» DATA SHOWN:
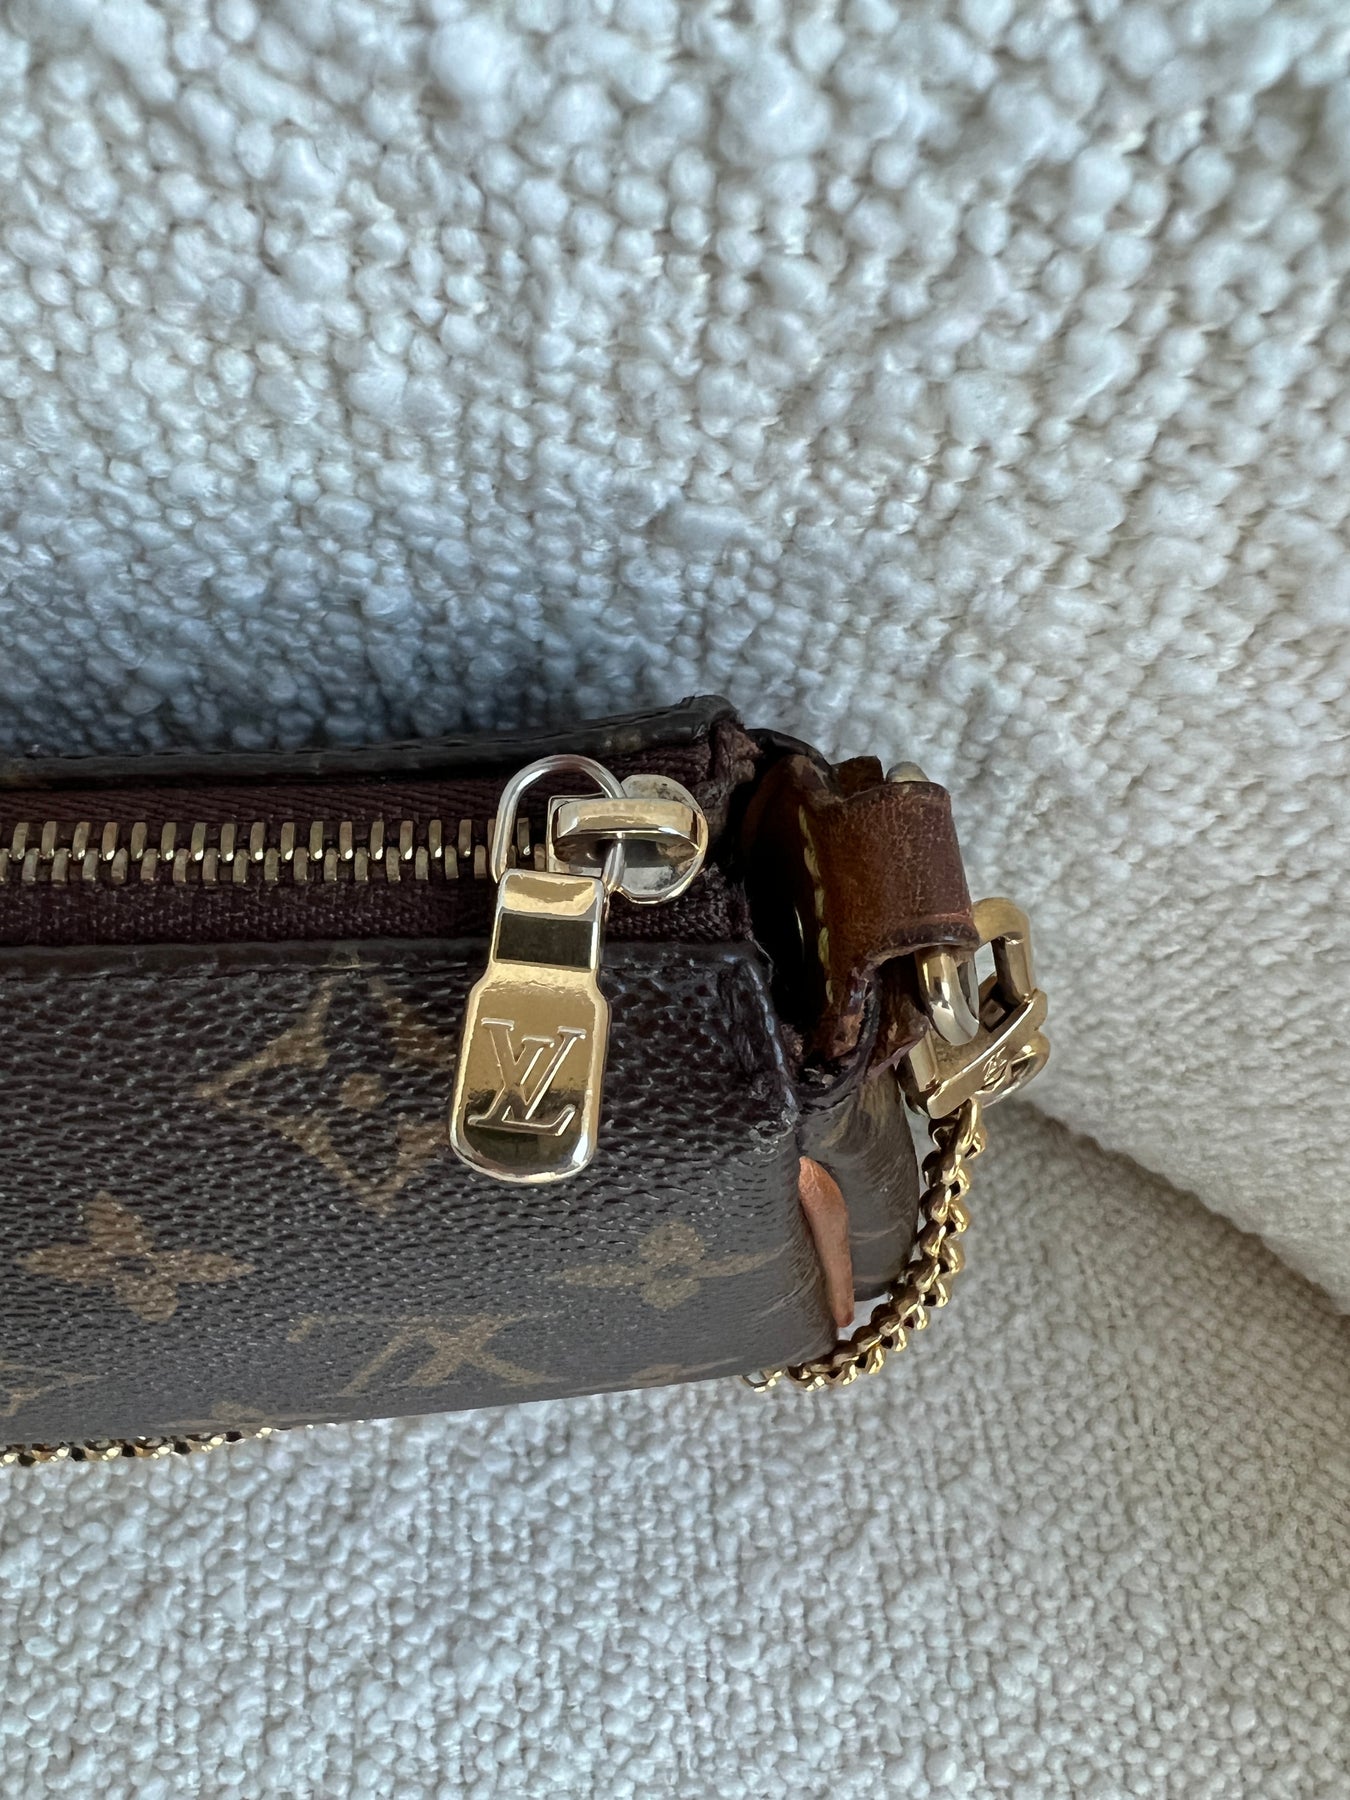 Chloé Zadori: Handbag Reveal: Louis Vuitton Eva Clutch Monogram +
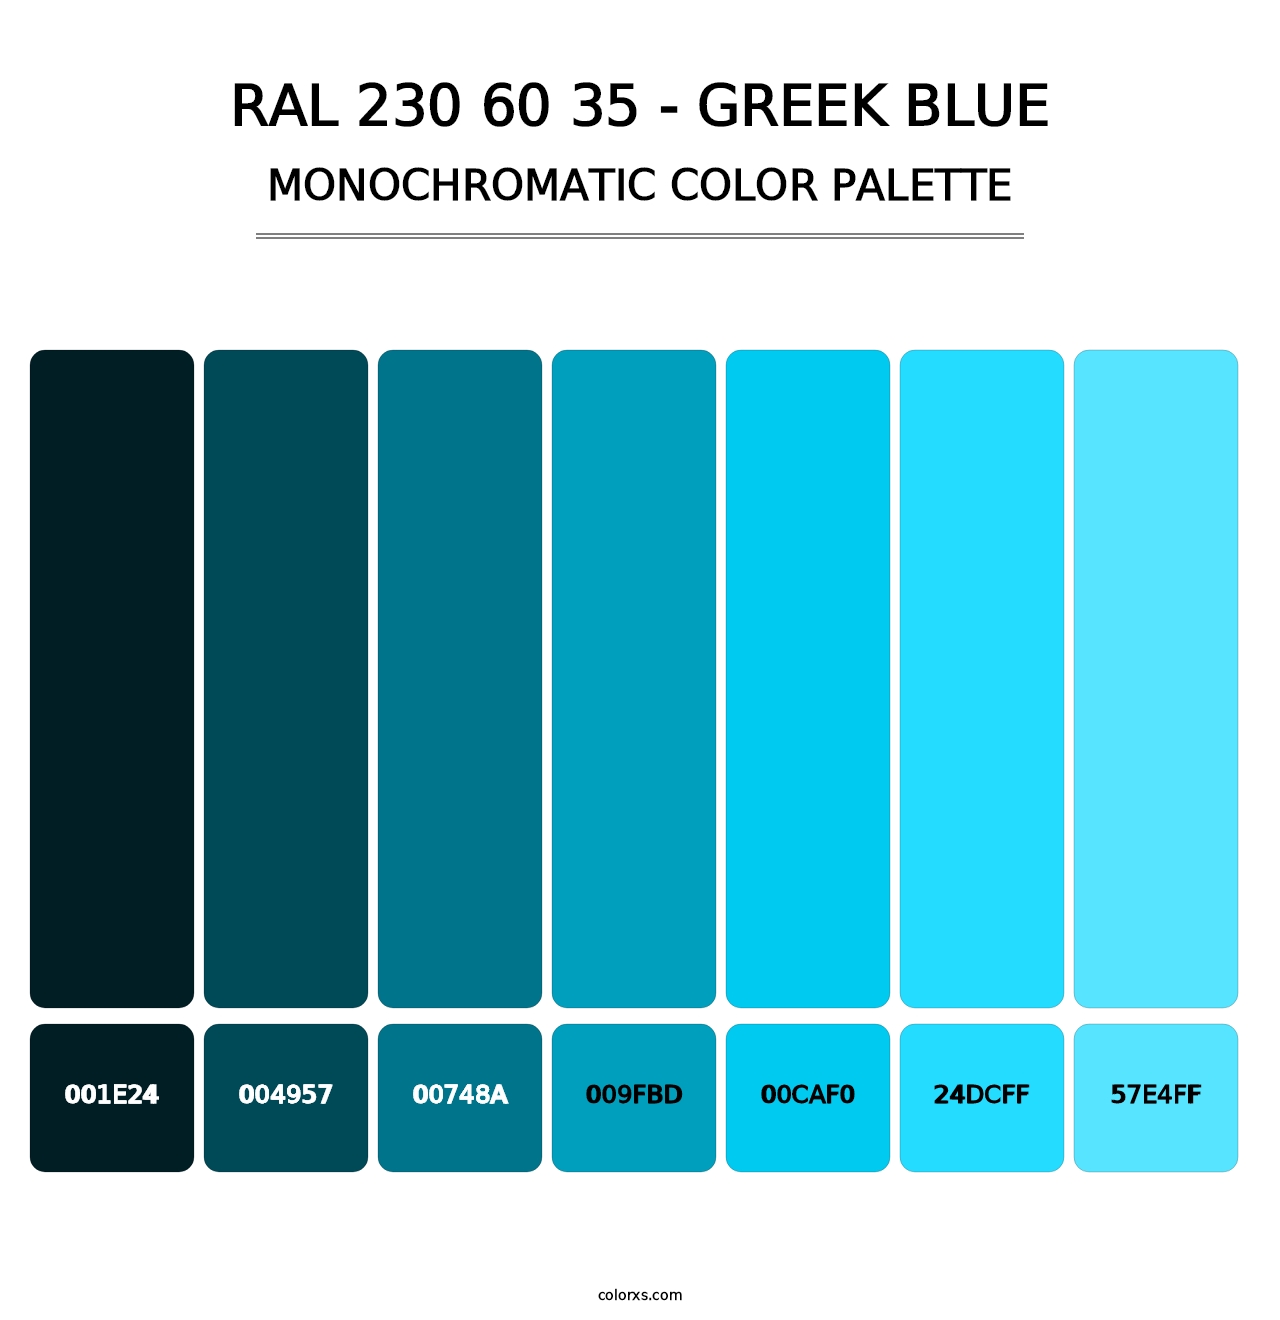 RAL 230 60 35 - Greek Blue - Monochromatic Color Palette
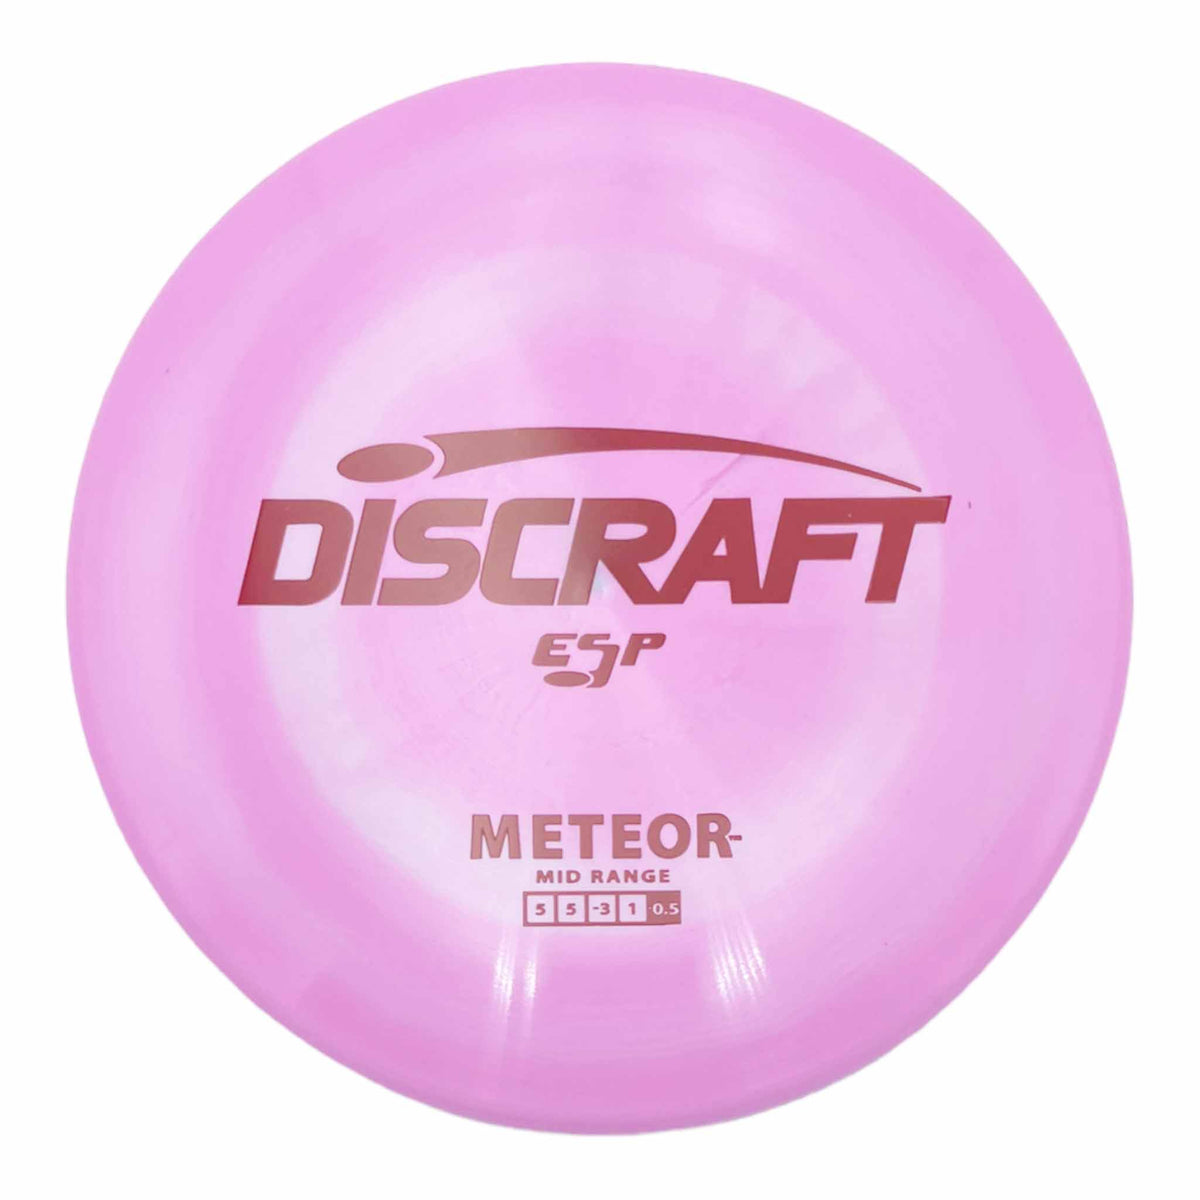 Discraft ESP Meteor midrange - Pink / Red

» TASK GOAL: Print the full listing again exactly, and drop every image from it.

» FINAL ANSWER:
 Chloé Zadori: Handbag Reveal: Louis Vuitton Eva Clutch Monogram +
 RAL 230 60 35 - Greek Blue - Monochromatic Color Palette
 Discraft ESP Meteor midrange - Pink / Red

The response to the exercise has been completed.